:: STUDY MATERIAL ::

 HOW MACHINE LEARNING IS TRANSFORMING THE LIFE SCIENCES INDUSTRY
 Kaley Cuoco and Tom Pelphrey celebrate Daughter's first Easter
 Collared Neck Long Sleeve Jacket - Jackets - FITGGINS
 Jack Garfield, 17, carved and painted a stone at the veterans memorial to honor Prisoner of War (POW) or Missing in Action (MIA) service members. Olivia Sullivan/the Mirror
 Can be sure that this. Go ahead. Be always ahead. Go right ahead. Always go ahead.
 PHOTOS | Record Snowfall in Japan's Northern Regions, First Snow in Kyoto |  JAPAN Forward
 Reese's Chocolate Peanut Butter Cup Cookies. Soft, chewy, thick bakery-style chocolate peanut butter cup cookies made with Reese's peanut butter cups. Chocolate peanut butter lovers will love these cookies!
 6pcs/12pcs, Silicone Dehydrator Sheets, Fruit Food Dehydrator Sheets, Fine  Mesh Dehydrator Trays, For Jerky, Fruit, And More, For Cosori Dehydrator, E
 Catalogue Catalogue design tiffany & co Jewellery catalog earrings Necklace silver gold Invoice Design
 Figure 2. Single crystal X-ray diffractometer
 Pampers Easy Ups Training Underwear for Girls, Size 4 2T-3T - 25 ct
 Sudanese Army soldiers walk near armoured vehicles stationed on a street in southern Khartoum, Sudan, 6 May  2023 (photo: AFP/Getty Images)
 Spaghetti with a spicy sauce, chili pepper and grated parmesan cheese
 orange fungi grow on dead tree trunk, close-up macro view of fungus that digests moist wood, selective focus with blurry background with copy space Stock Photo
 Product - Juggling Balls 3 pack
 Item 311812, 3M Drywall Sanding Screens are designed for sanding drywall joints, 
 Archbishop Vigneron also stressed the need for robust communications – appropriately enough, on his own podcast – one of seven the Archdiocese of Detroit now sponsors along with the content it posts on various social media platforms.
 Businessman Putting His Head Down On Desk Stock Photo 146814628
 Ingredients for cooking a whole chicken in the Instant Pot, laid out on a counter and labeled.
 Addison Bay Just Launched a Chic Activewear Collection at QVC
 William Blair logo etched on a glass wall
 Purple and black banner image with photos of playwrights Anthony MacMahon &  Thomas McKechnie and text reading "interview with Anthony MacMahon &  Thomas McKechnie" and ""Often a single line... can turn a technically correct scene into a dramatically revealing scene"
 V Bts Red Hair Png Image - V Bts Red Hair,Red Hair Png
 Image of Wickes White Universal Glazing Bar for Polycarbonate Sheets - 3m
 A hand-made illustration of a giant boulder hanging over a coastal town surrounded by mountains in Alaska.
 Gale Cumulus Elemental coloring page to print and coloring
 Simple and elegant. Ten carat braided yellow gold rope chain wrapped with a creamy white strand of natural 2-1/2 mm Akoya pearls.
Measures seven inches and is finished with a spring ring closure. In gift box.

:::

§ EXERCISE
Word for word, repeat every record.

§ TASK RESPONSE
 HOW MACHINE LEARNING IS TRANSFORMING THE LIFE SCIENCES INDUSTRY
 Kaley Cuoco and Tom Pelphrey celebrate Daughter's first Easter
 Collared Neck Long Sleeve Jacket - Jackets - FITGGINS
 Jack Garfield, 17, carved and painted a stone at the veterans memorial to honor Prisoner of War (POW) or Missing in Action (MIA) service members. Olivia Sullivan/the Mirror
 Can be sure that this. Go ahead. Be always ahead. Go right ahead. Always go ahead.
 PHOTOS | Record Snowfall in Japan's Northern Regions, First Snow in Kyoto |  JAPAN Forward
 Reese's Chocolate Peanut Butter Cup Cookies. Soft, chewy, thick bakery-style chocolate peanut butter cup cookies made with Reese's peanut butter cups. Chocolate peanut butter lovers will love these cookies!
 6pcs/12pcs, Silicone Dehydrator Sheets, Fruit Food Dehydrator Sheets, Fine  Mesh Dehydrator Trays, For Jerky, Fruit, And More, For Cosori Dehydrator, E
 Catalogue Catalogue design tiffany & co Jewellery catalog earrings Necklace silver gold Invoice Design
 Figure 2. Single crystal X-ray diffractometer
 Pampers Easy Ups Training Underwear for Girls, Size 4 2T-3T - 25 ct
 Sudanese Army soldiers walk near armoured vehicles stationed on a street in southern Khartoum, Sudan, 6 May  2023 (photo: AFP/Getty Images)
 Spaghetti with a spicy sauce, chili pepper and grated parmesan cheese
 orange fungi grow on dead tree trunk, close-up macro view of fungus that digests moist wood, selective focus with blurry background with copy space Stock Photo
 Product - Juggling Balls 3 pack
 Item 311812, 3M Drywall Sanding Screens are designed for sanding drywall joints, 
 Archbishop Vigneron also stressed the need for robust communications – appropriately enough, on his own podcast – one of seven the Archdiocese of Detroit now sponsors along with the content it posts on various social media platforms.
 Businessman Putting His Head Down On Desk Stock Photo 146814628
 Ingredients for cooking a whole chicken in the Instant Pot, laid out on a counter and labeled.
 Addison Bay Just Launched a Chic Activewear Collection at QVC
 William Blair logo etched on a glass wall
 Purple and black banner image with photos of playwrights Anthony MacMahon &  Thomas McKechnie and text reading "interview with Anthony MacMahon &  Thomas McKechnie" and ""Often a single line... can turn a technically correct scene into a dramatically revealing scene"
 V Bts Red Hair Png Image - V Bts Red Hair,Red Hair Png
 Image of Wickes White Universal Glazing Bar for Polycarbonate Sheets - 3m
 A hand-made illustration of a giant boulder hanging over a coastal town surrounded by mountains in Alaska.
 Gale Cumulus Elemental coloring page to print and coloring
 Simple and elegant. Ten carat braided yellow gold rope chain wrapped with a creamy white strand of natural 2-1/2 mm Akoya pearls.
Measures seven inches and is finished with a spring ring closure. In gift box.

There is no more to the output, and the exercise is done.